Brendan McDyer

Personal information
- Born: 1986 or 1987 (age 38–39)

Sport
- Sport: Gaelic football

Club
- Years: Club
- 200?–: Naomh Conaill

Club titles
- Donegal titles: 8

Inter-county
- Years: County
- 2006–: Donegal

= Brendan McDyer =

Donegal Gaelic footballer

Brendan McDyer (born 1986/7) is an Irish Gaelic footballer who plays for Naomh Conaill and, formerly, the Donegal county team. He is one part of the "usually starting trio" for his club that also includes Leo McLoone and Anthony Thompson.

==Playing career==
McDyer won his first Donegal Senior Football Championship title with his club in 2005. His free in the 2005 final brought that game to a replay, when he scored 0–3 (including one free). 2005 was also the year he first played for his club in the senior championship.

Brian McIver called McDyer into the Donegal senior panel in December 2005, following the 2005 Donegal SFC title win. When McIver called him into the senior team, McDyer was 18 years of age. McDyer first played for Donegal at senior inter-county level in 2006. He continued to play inter-county football in 2007.

McDyer's club also won the final of the 2010 Donegal Senior Football Championship, with McDyer scoring 0–1 in that game. Naomh Conaill went on to reach the final of the 2010 Ulster Senior Club Football Championship, knocking out Cavan champions Kingscourt, Monaghan champions Clontibret and Tyrone champions Coalisland along the way.

Towards the end of the 2012 Donegal Senior Football Championship final, McDyer tried to pass the ball back to goalkeeper Stephen McGrath, but his action caused Naomh Conaill to concede a '45. This was converted by St Eunan's player Mark McGowan, and Naomh Conaill lost the game by one point.

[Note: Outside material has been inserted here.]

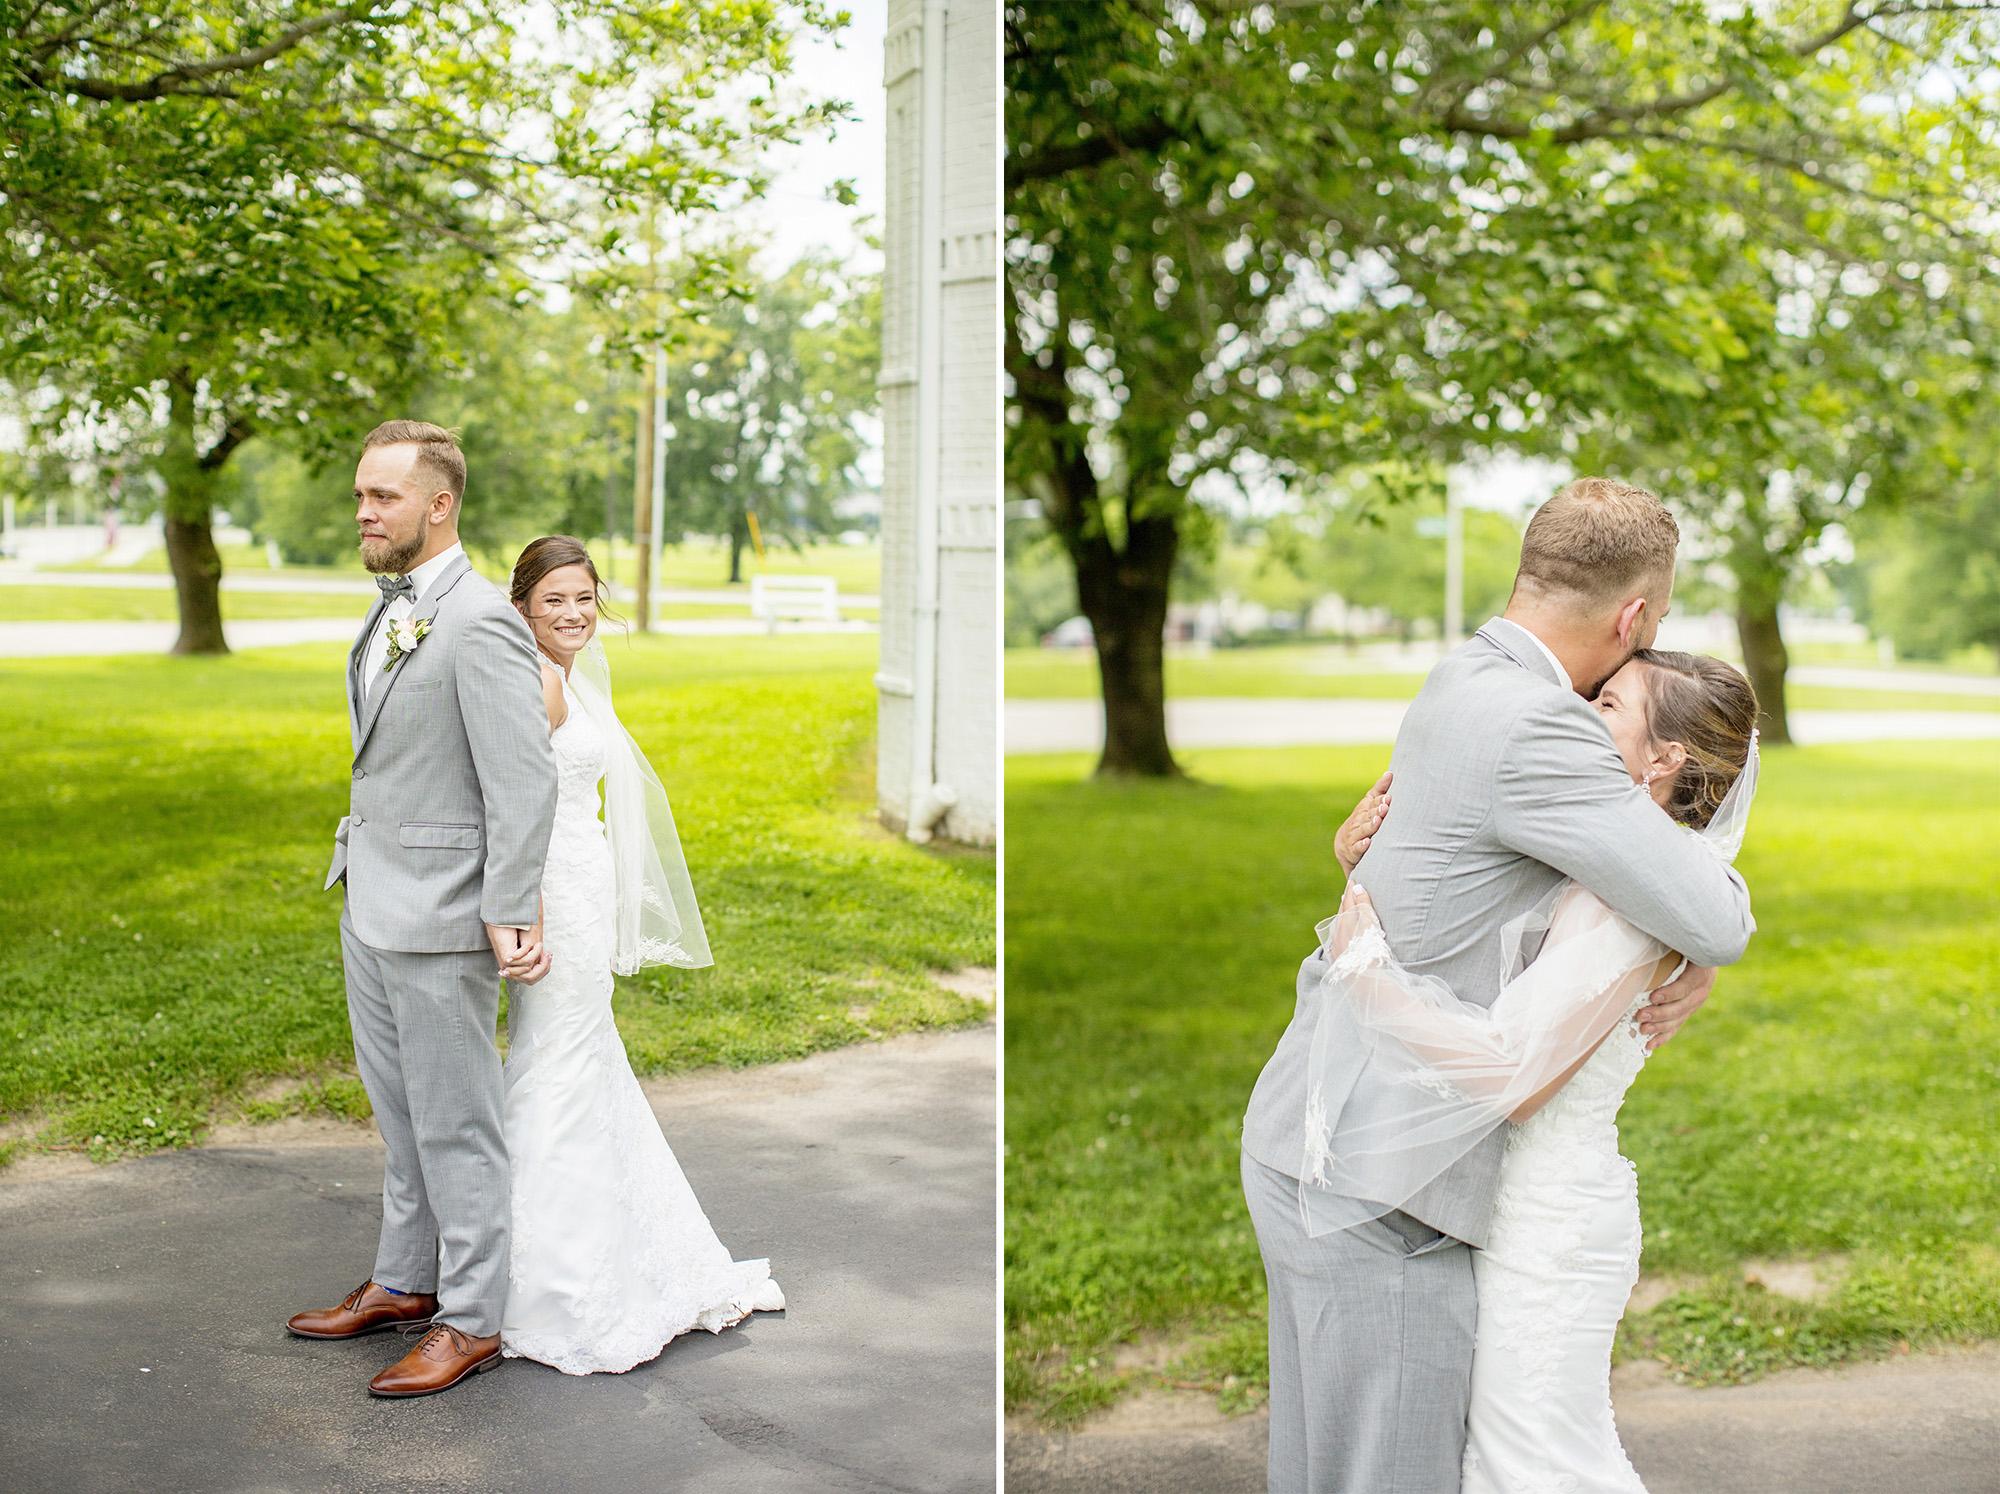 Seriously_Sabrina_Photography_Lexington_Kentucky_Round_Barn_Red_Mile_Stable_of_Memories_Wedding_Hart_37.jpg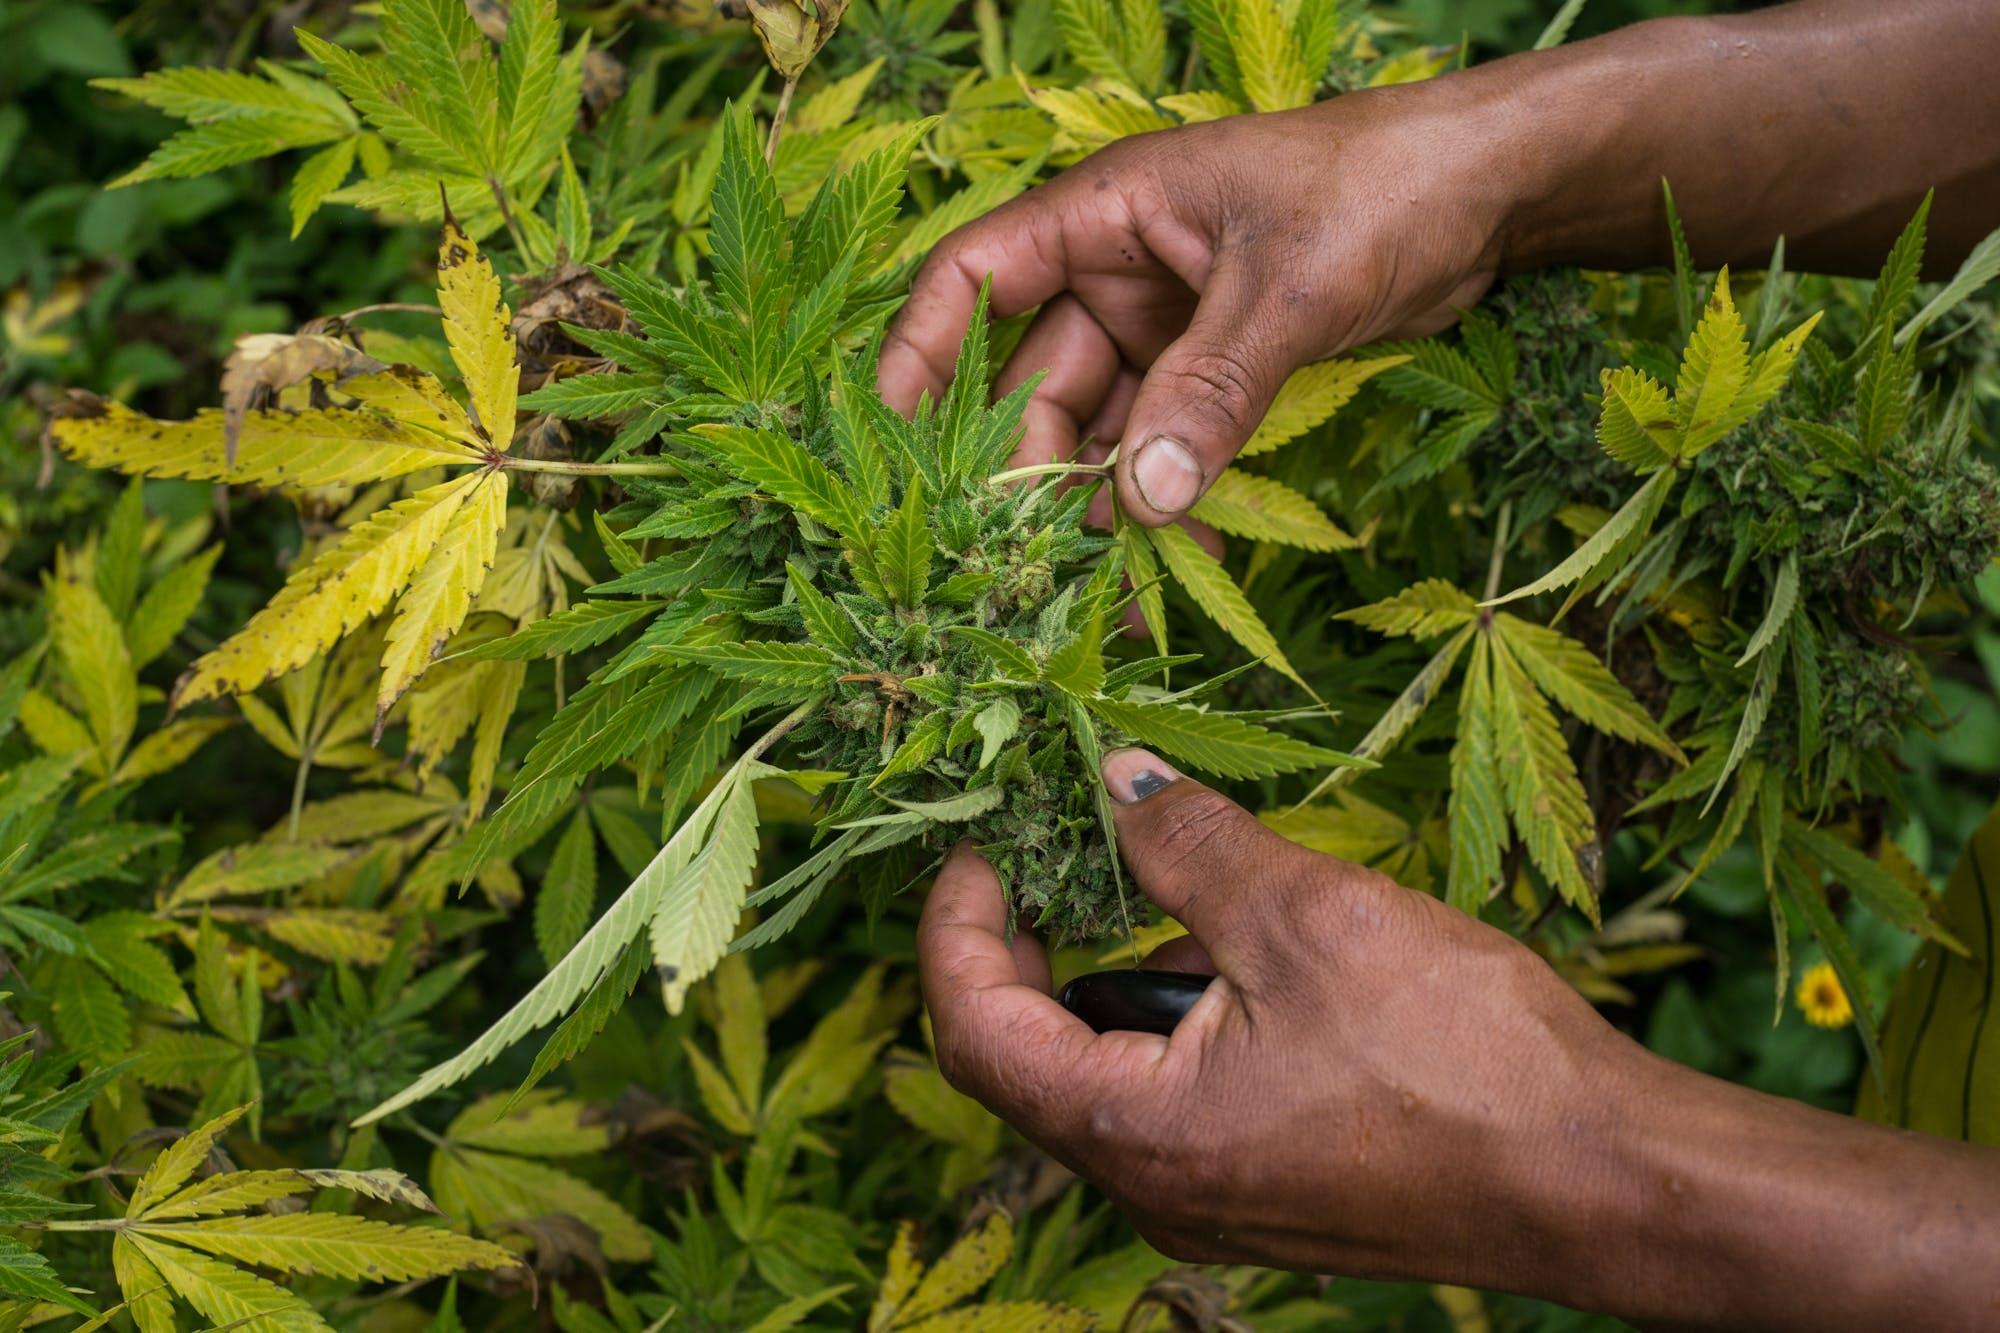 Nicolas Enriquez Marijuana   23 Its Official: Michigan is set to vote on recreational marijuana this fall

McDyer played for his club in the final of the 2015 Donegal Senior Football Championship. His club also won this game, with McDyer scoring 0–2. Then he played for his club in the final of the 2019 Donegal Senior Football Championship. His club won, following a second replay; McDyer started all three games and, though he scored 0–1 in the first game, he was held scoreless in the second and third. Then he made a substitute appearance for his club in the 2020 Donegal Senior Football Championship final. His club won, following extra-time and a penalty shoot-out.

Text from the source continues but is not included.